Beginning at the line that mentions "Кругозор (газета). 2015", retype the rest of the records below exactly. Pictures are not part of the copy.

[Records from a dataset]

--- START ---

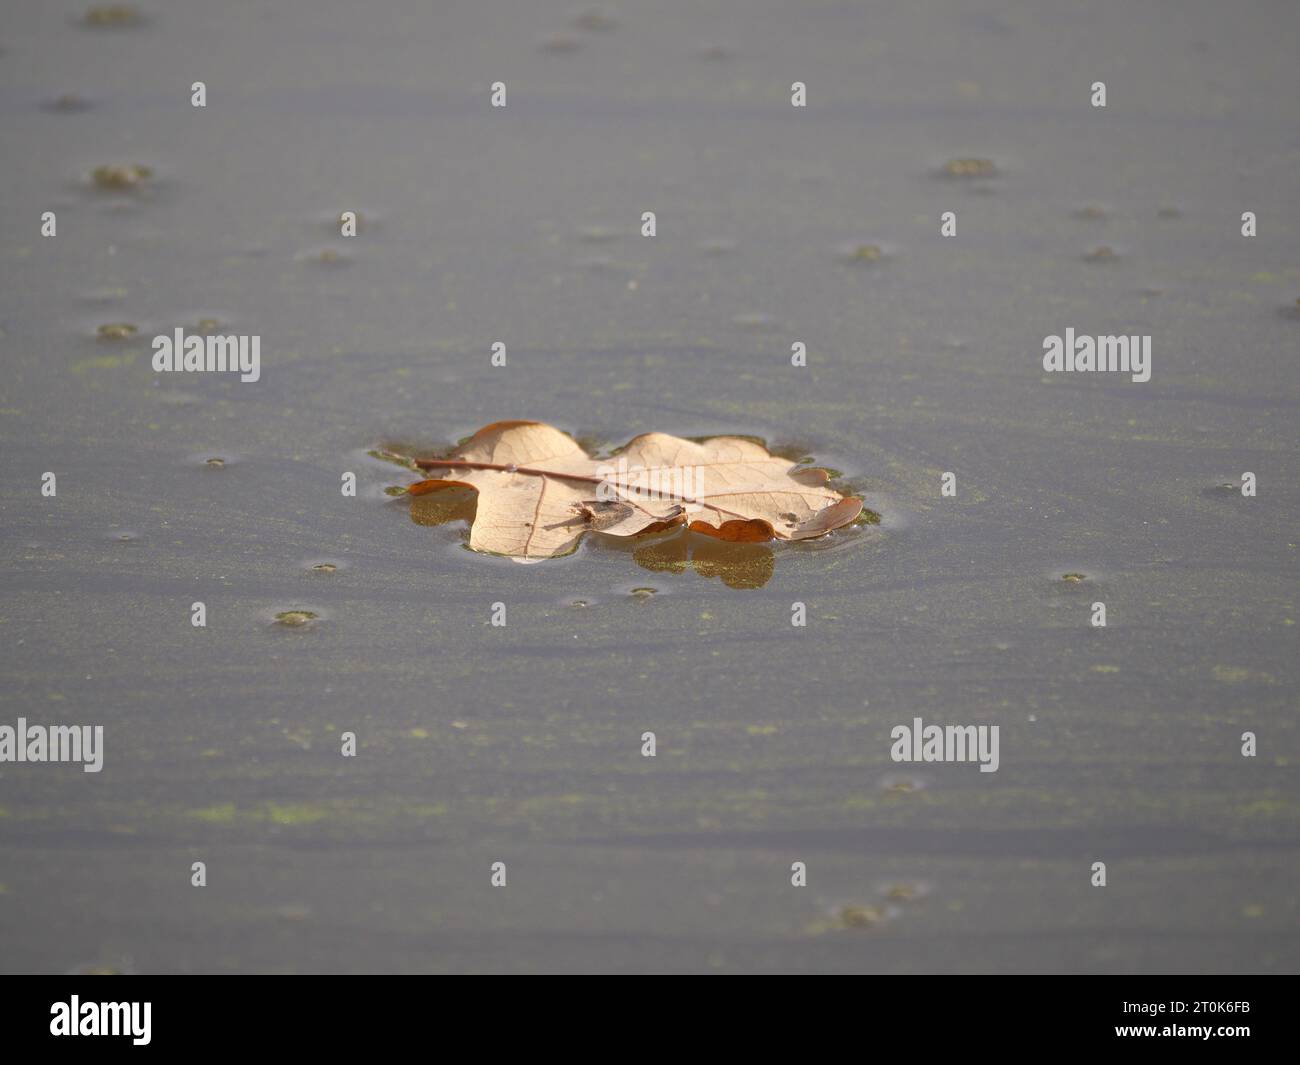 Une feuille de chêne séchée flotte à la surface de l'eau en automne Banque D'Images
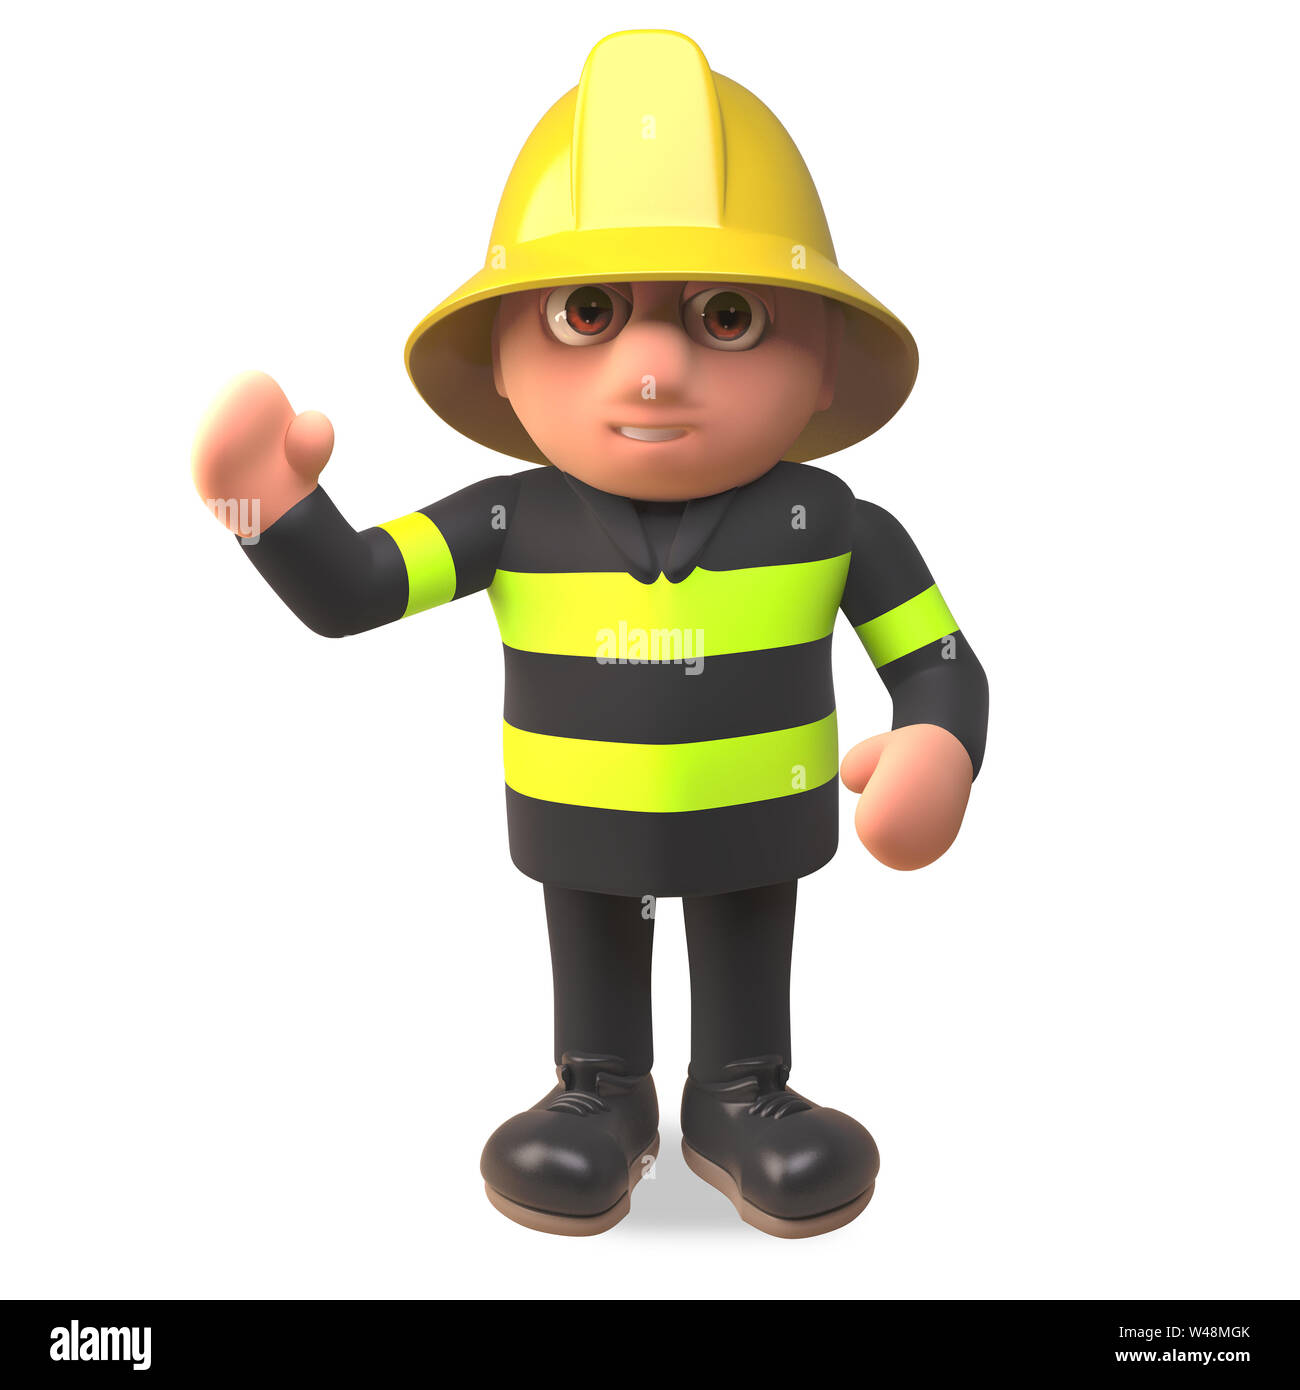 Pompier POMPIER en caractère caractère haute visibilité forme bonjour, illustration 3D render Banque D'Images
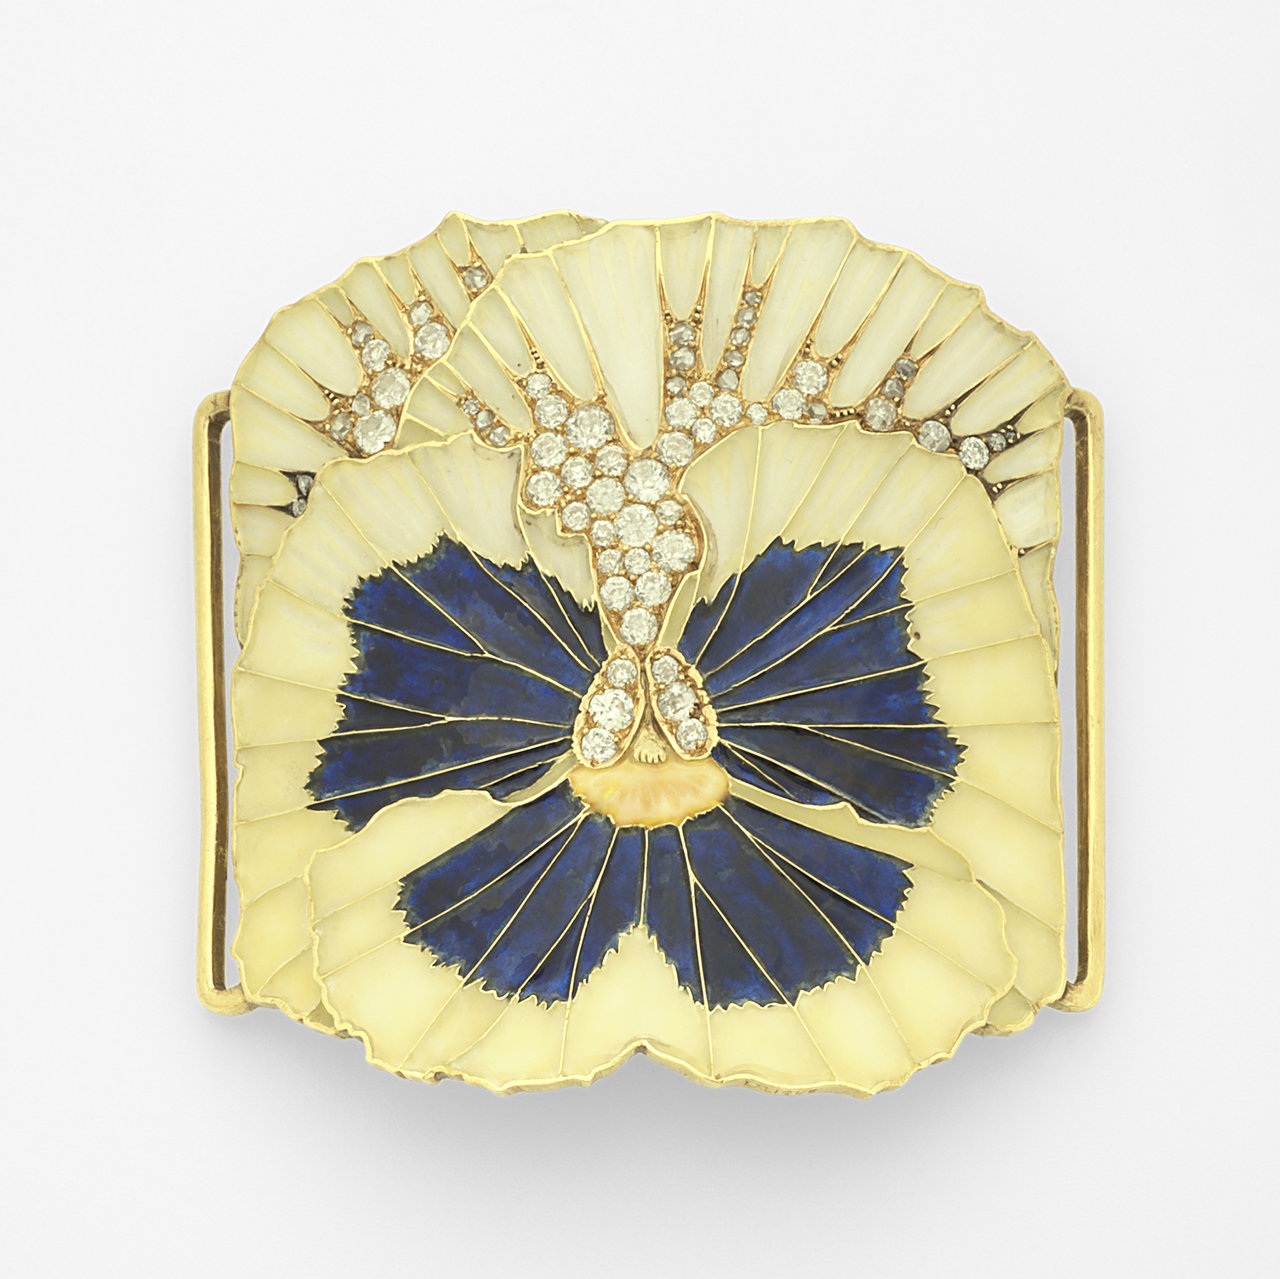 Broche uit Museum Lalique
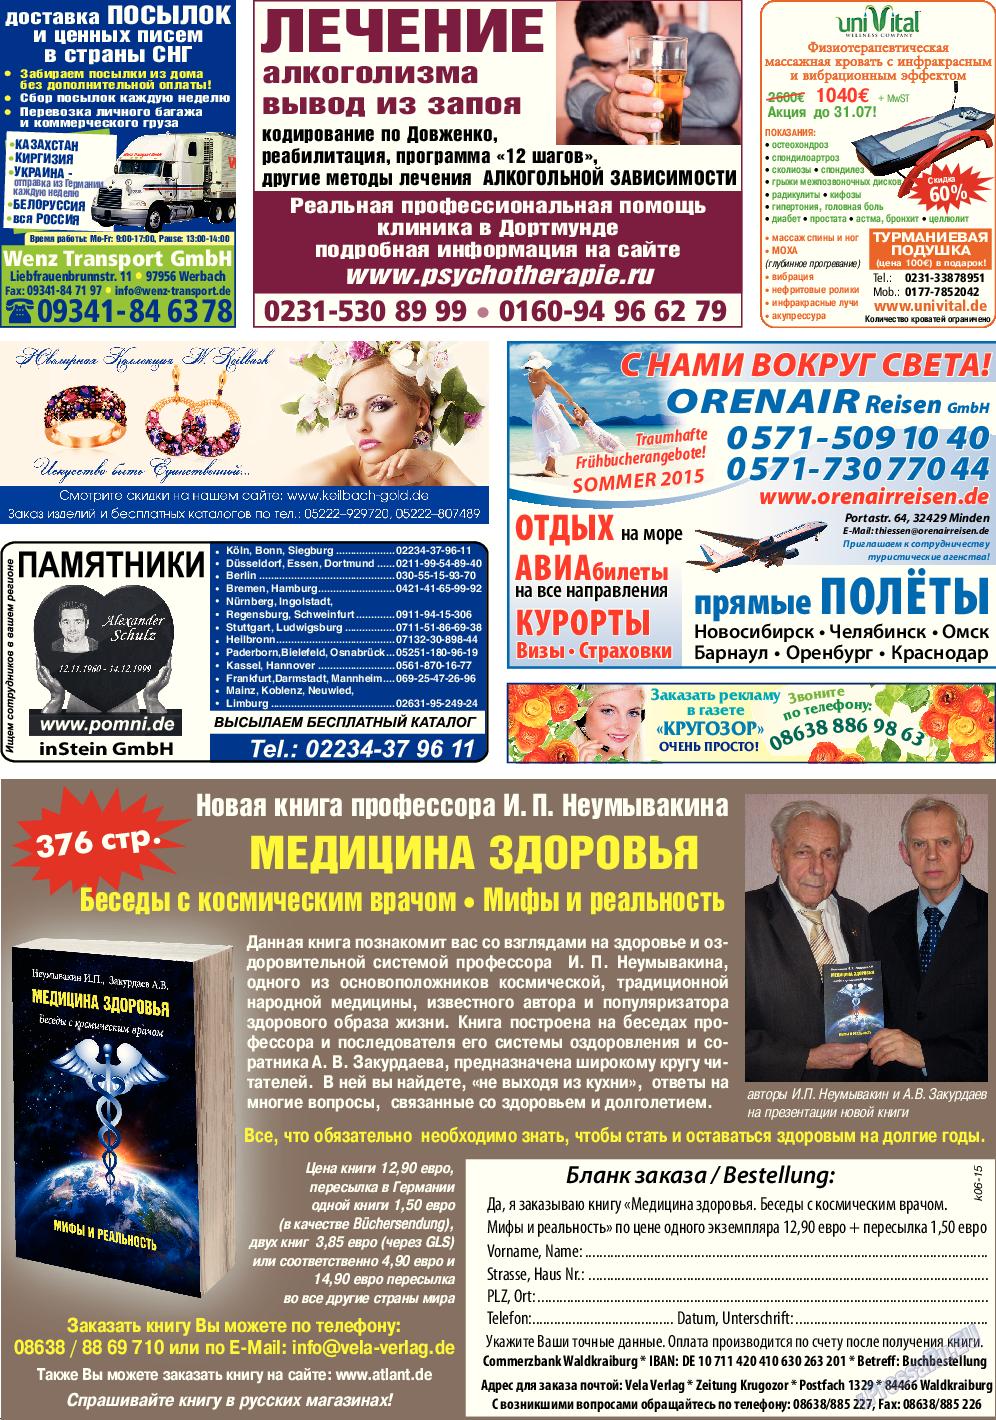 Кругозор (газета). 2015 год, номер 6, стр. 32
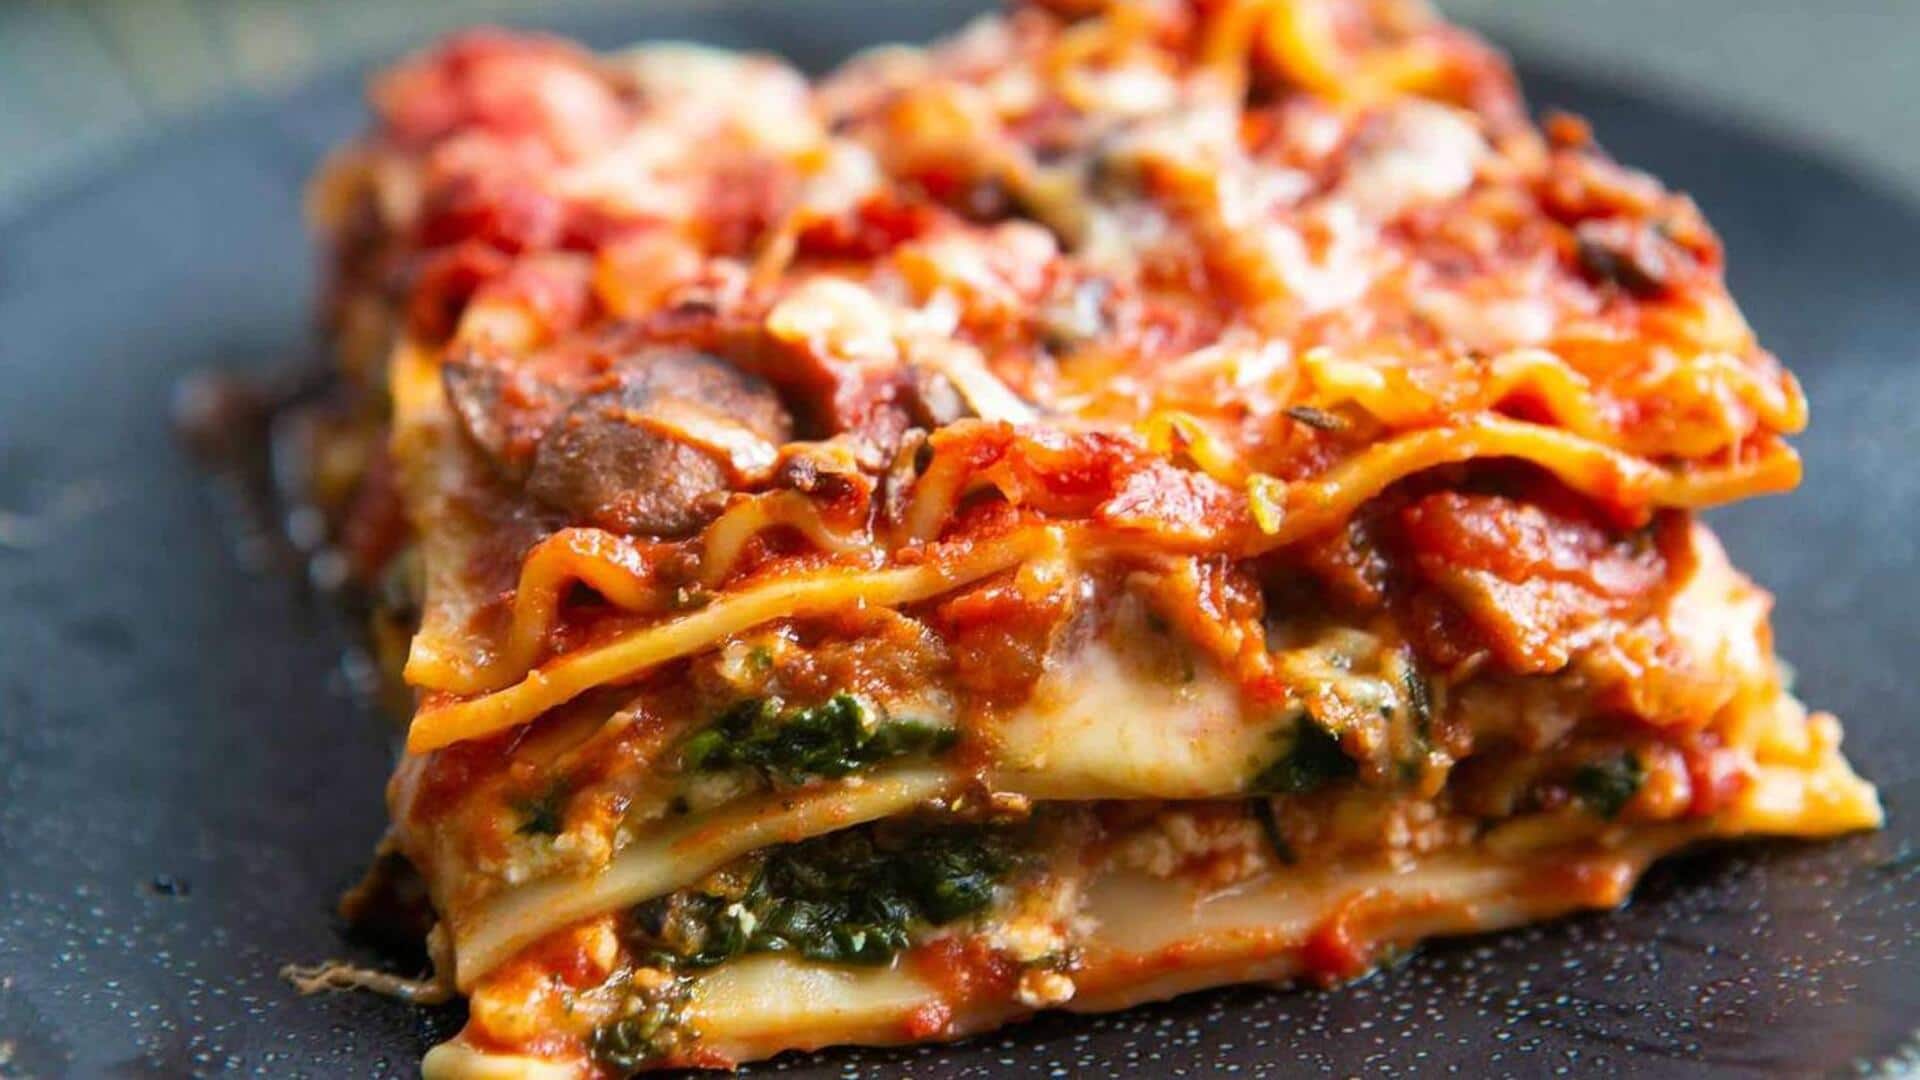 Try this Indo-Italian vegetarian lasagna recipe

--- END ---

◆ **ANSWER AREA**
 Кругозор (газета). 2015 год, номер 6, стр. 32
 Try this Indo-Italian vegetarian lasagna recipe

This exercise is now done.